FP  =  Re_{D}^{-0.25}  \left\lgroup\frac{D}{D^{*}} \right\rgroup^{0.25}  \left[\frac{\chi_{a}  –  D}{4 (s  –  y)} \right]^{-0.4}  \left[\frac{\chi_{a}}{D^{*}}  –  1\right]^{-0.5}                          (14-44)

D^{*}  = \frac{ \left(D  \frac{A}{A_{t}}\right)}{1  +  \frac{\chi_{a}  –  D}{s}}                                   (14-45)
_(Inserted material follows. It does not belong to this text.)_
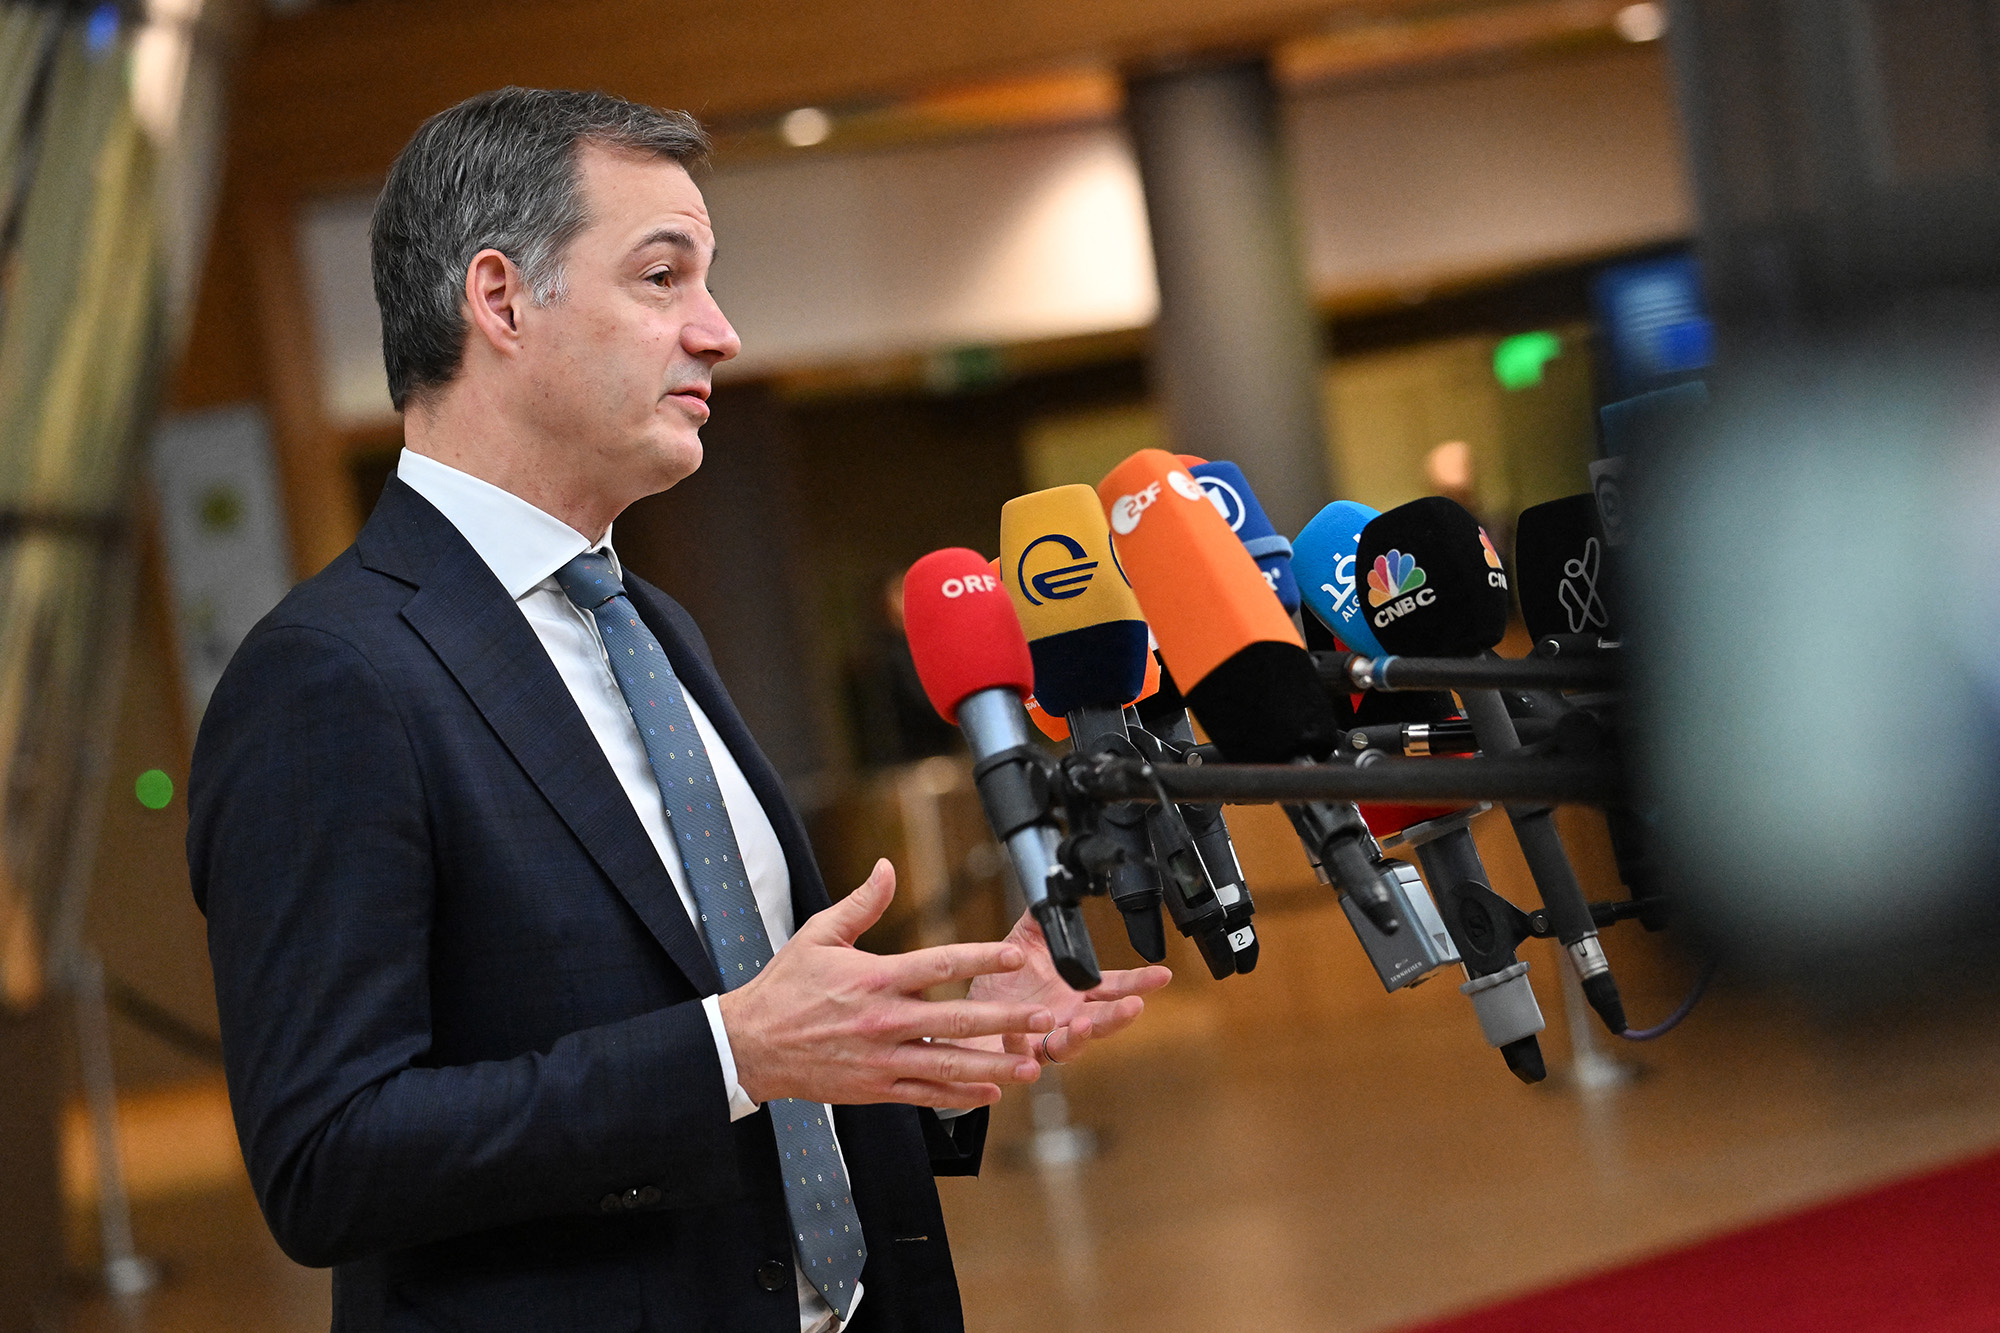 Belgium's Prime Minister, Alexander De Croo speaks to the press as he arrives at the European headquarters to attend the European Union summit, in Brussels, Belgium, on December 15.

D^{*}  =  \frac{0.525  (16.28)}{1  +  (1.25  –  0.525)/0.0833}  =  0.881

and

FP  =  (4870)^{-0.25}  \left\lgroup\frac{0.525}{0.881} \right\rgroup ^{0.25}  \times  \left[\frac{1.25  –  0.525}{4(0.0833  –  0.006)}\right] ^{-0.4} \left[\frac{1.25}{0.881}  –  1\right]  =  0.116

Using Eq. 14-53,

F (s)  =  [1  +  (Re_{s})^{-0.4}]  \left\lgroup\frac{s}{s  –  y} \right\rgroup ^{1.5}                  (14-53)

F (s)  =  (1  +  773^{-0.4})  \left\lgroup\frac{0.0833}{0.0833  –  0.006} \right\rgroup ^{1.5}=1.20

Then

FP F(s) = 0.116(1.20) = 0.14

and from Fig. 14-15, f = 0.031.

Note that the presence of moisture on the surface increases h, h_{d}, and f.